在实现时，采用倒排索引对局部特征进行索引，索引结构如图 3所示。该索引以视觉词汇作为关键词，对于每个视觉词汇记录其在索引库中的偏移和个数。每个视觉词汇包含如下信息：ItemId(视觉词汇)，ImgId(图像唯一标识)，Contexts(上下文描述子)。每个上下文描述子包含若干近邻特征点信息，每个近邻特征点的信息包括主方向差，角位差以及近邻特征点的视觉词汇。

图 3 该方法的索引结构

Fig. 3 The storage structure of our method

2.2 上下文描述子生成

1) 近邻特征点选取。为某一待索引局部特征点构建上下文描述子时，首先要为其选取近邻特征点作为该点的上下文。考虑到尺度越大的局部特征对于尺度变换操作具有较高的鲁棒性，因此，尽可能选取具有大尺度的局部特征作为近邻特征点。另外，距离较远的特征点容易受到图像裁剪、添加其他对象等操作的影响，因此，尽可能选取邻近的点作为近邻特征点。为了提高查找近邻特征点的效率，本方法的具体计算步骤如下：

(1) 提取图像的SIFT特征点，将特征点按照尺度从大到小排序。

(2) 在有序的特征点中选取比该待索引特征点尺度大的特征点加入候选列表。若候选列表的特征点数量不足，则按照尺度大小补足。

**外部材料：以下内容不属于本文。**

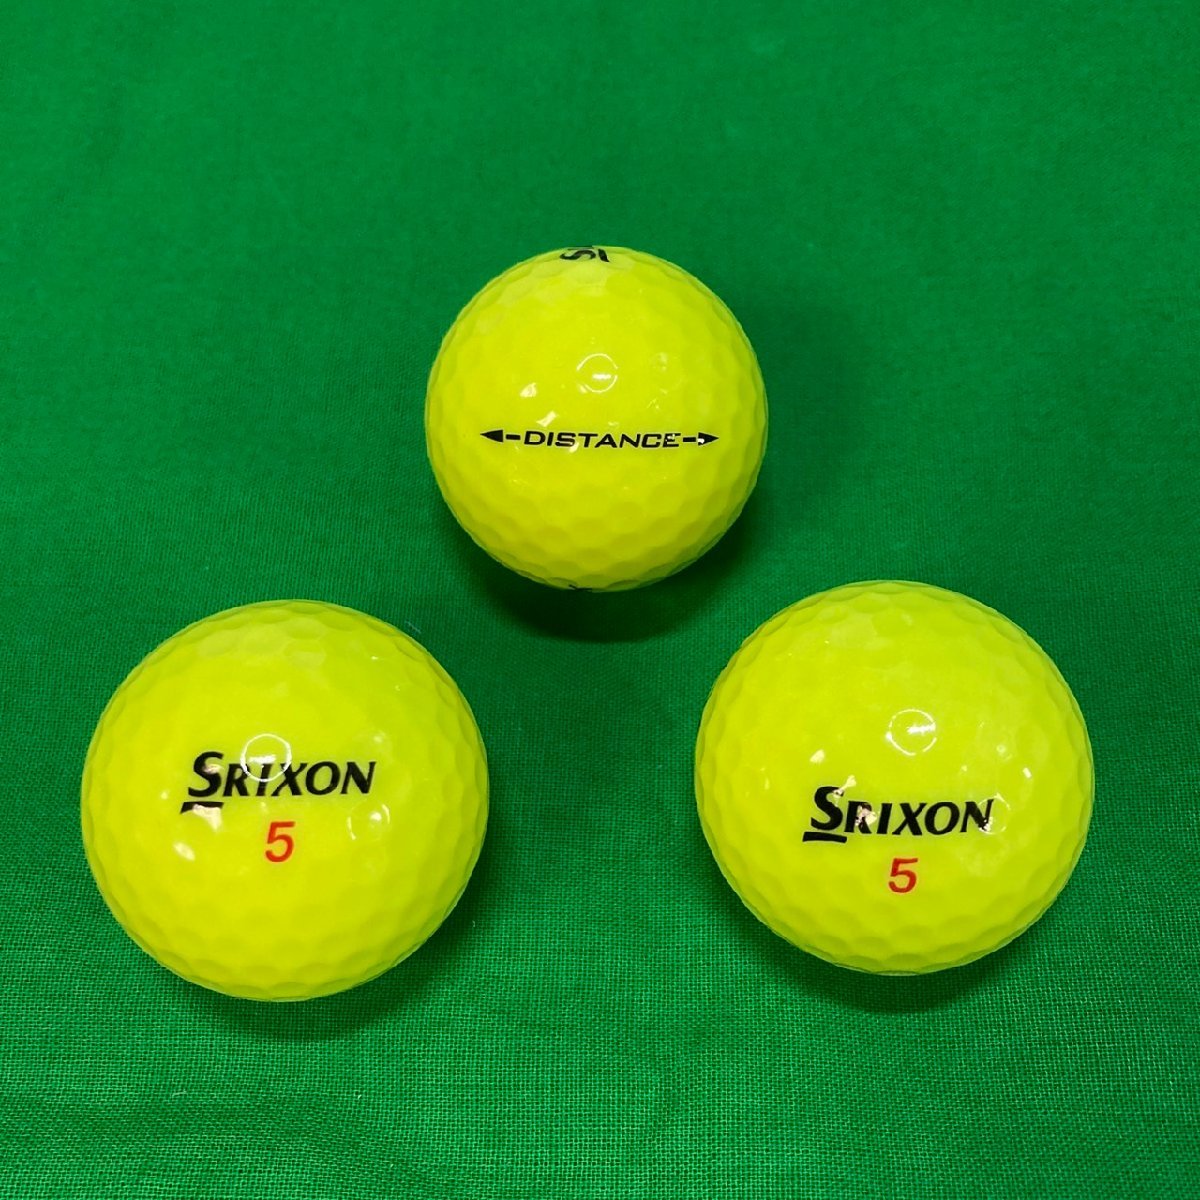 未使用品 SRIXON スリクソン DISTANCE DUNLOP ダンロップ 黄色 イエロー ゴルフボール

(3) 选取候选列表中与该待索引特征点欧氏距离最小的若干特征点作为近邻特征点。

2) 上下文描述子生成。本文方法通过集合来表示局部特征点的若干近邻特征点。为了能够更为准确地描述这些近邻特征点与该待索引特征点的关系，特征点之间的关系采用主方向关系和方位关系来表示。对每个近邻特征点，构建了主方向差、角位差(待索引特征点和近邻特征点连线，与待索引特征点的主方向的夹角)以及该近邻特征点的视觉词汇来表示该近邻特征点。主方向差、角位差计算方法如下：

主方向差是待索引特征点主方向与其近邻特征点主方向的角度差。如图 4所示，待索引特征点${P_0} $与近邻特征点${P_1} $主方向之间的夹角为$\beta $，即主方向差为$\beta $。主方向差为

图 4 近邻特征点${P_0} $、${P_1} $的角位差为$\alpha $，主方向差为$\beta $

Fig. 4 $ {P_0}$、${P_1} $ are SIFT features, ${P_1} $ is a neighbor feature of ${P_0} $$\alpha $is difference of direction and orientation, $\beta $ is difference of orientations

$ \beta = \left| {Or{i_{{P_0}}}-Or{i_{{P_1}}}} \right| $

(1)

式中，${Or{i_{{P_0}}}} $、$ {Or{i_{{P_1}}}}$分别表示待索引特征点${P_0} $与近邻特征点${P_1} $的主方向。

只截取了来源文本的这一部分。